Understanding this paraphilia is imperative for all of us talking about the ongoing erosion of women’s rights
I think reading this book means a lot of confusing things fall into place for women such as the constant evocations of being a “girl” that we see from men who identify as women (colloquially known as transwomen).
As well as the surprising desire to have a cervical smear or “gynaecological care” that we have seen come up on occasion.
The humiliation fantasy and the forced feminisation fantasy mentioned here by another contributor also keep recurring in these conversations and will be familiar to many women discussing this daily. The need for others to participate in the sexual fantasy, unknowingly, even in negative ways such as through jeering and shock makes this paraphilia one which is acted out in public.
A not uncommon theme is taking on a given role that women have been more traditionally confined to such as submissive housewife. Or even becoming some kind of brood mare who only exists to reproduce and gratify a man.
This makes sense of why a conflict between women and men who identify as women was inevitably bound to arise.
Not only will many women outright reject any rewriting of women which so reduces us, but we also do not want the new definition of woman to be based on sexist ideas instead of biology.
Our subjugation in society is sexually fulfilling to many men with autogynephilia. Including the subjugation of women in cultures that still have even further to go when it comes to equality between the sexes.
Even male violence against women becomes constantly sexualised by some AGPs.

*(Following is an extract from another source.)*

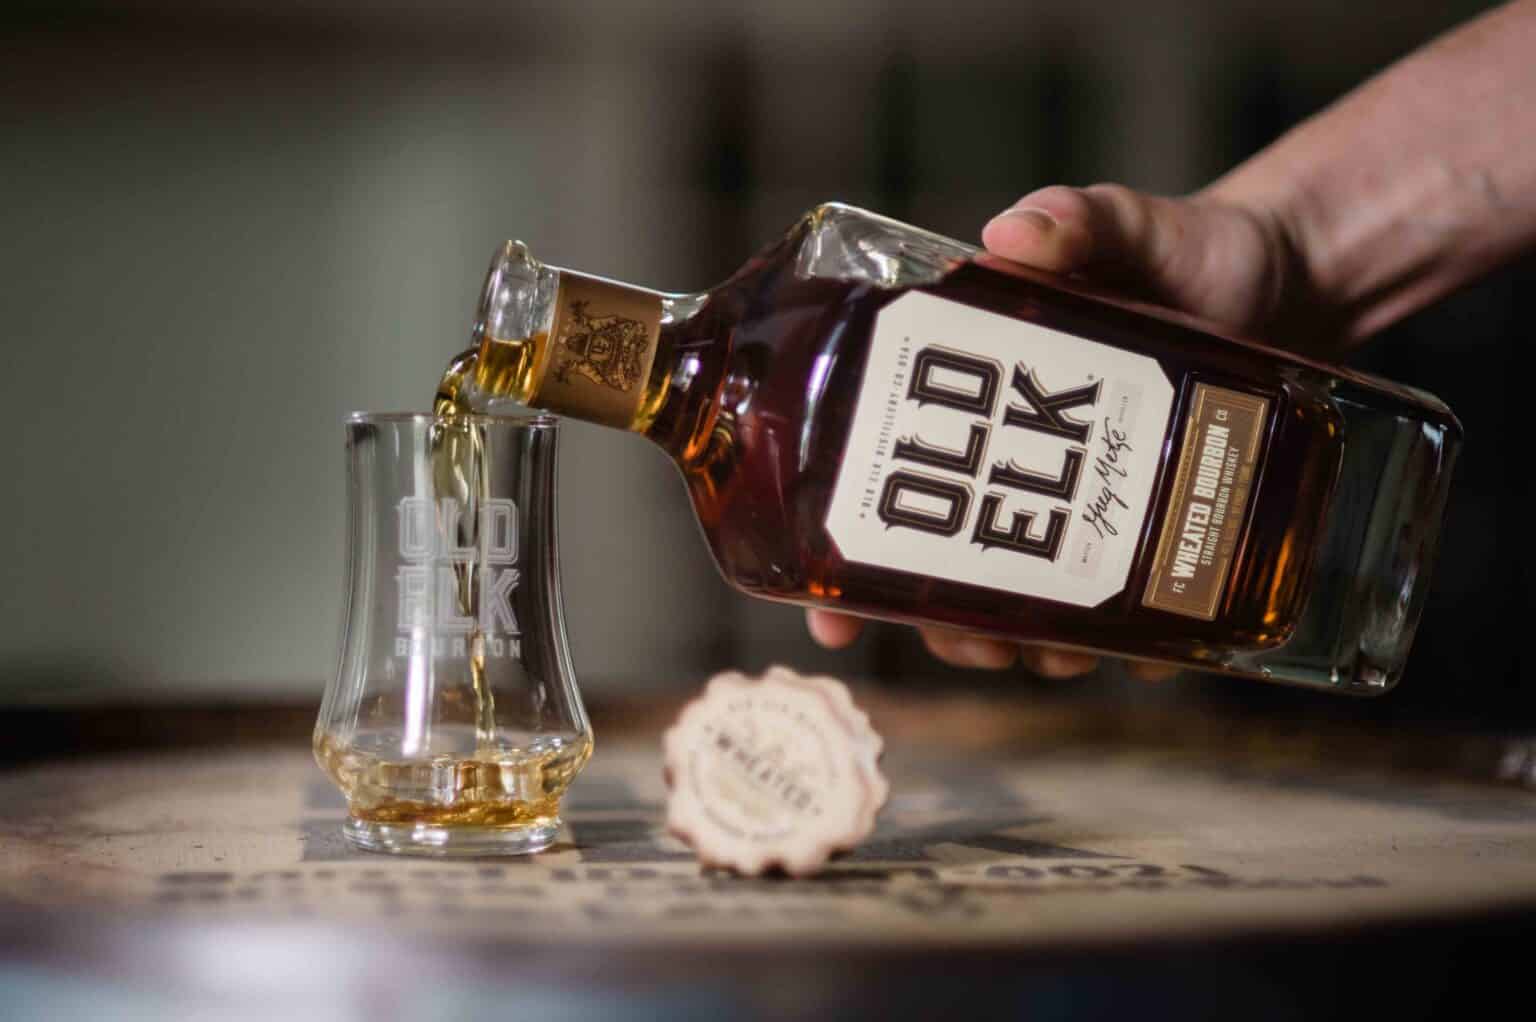 old elk bourbon

Understanding that men who identify as women have a male sex drive and a male conception of women quickly explains the vast differences between us. Even, surely, to those who like to insist that “identifying as” is the same thing as being a woman.
Many women are afraid of male violence because of the serious risks to us it poses and because of our own experiences of it. We wish for of a world that has no more male violence in it, and for the vast freedoms that world would offer us. We could walk late at night, or through forests, and alleyways and deserted places with no more risk of sexual violence. Or of never coming home.
We could travel to any land, alone, if we had the money to do so and not have to give any thought to the idea we might be murdered or kidnapped or raped there. The inherent risk that comes with being female and moving through society would be gone.
Someone masturbating over that very oppression of us cannot hope to understand it. They do not, after all, even wish to prevent it as doing so would remove their ability to have such a fantasy.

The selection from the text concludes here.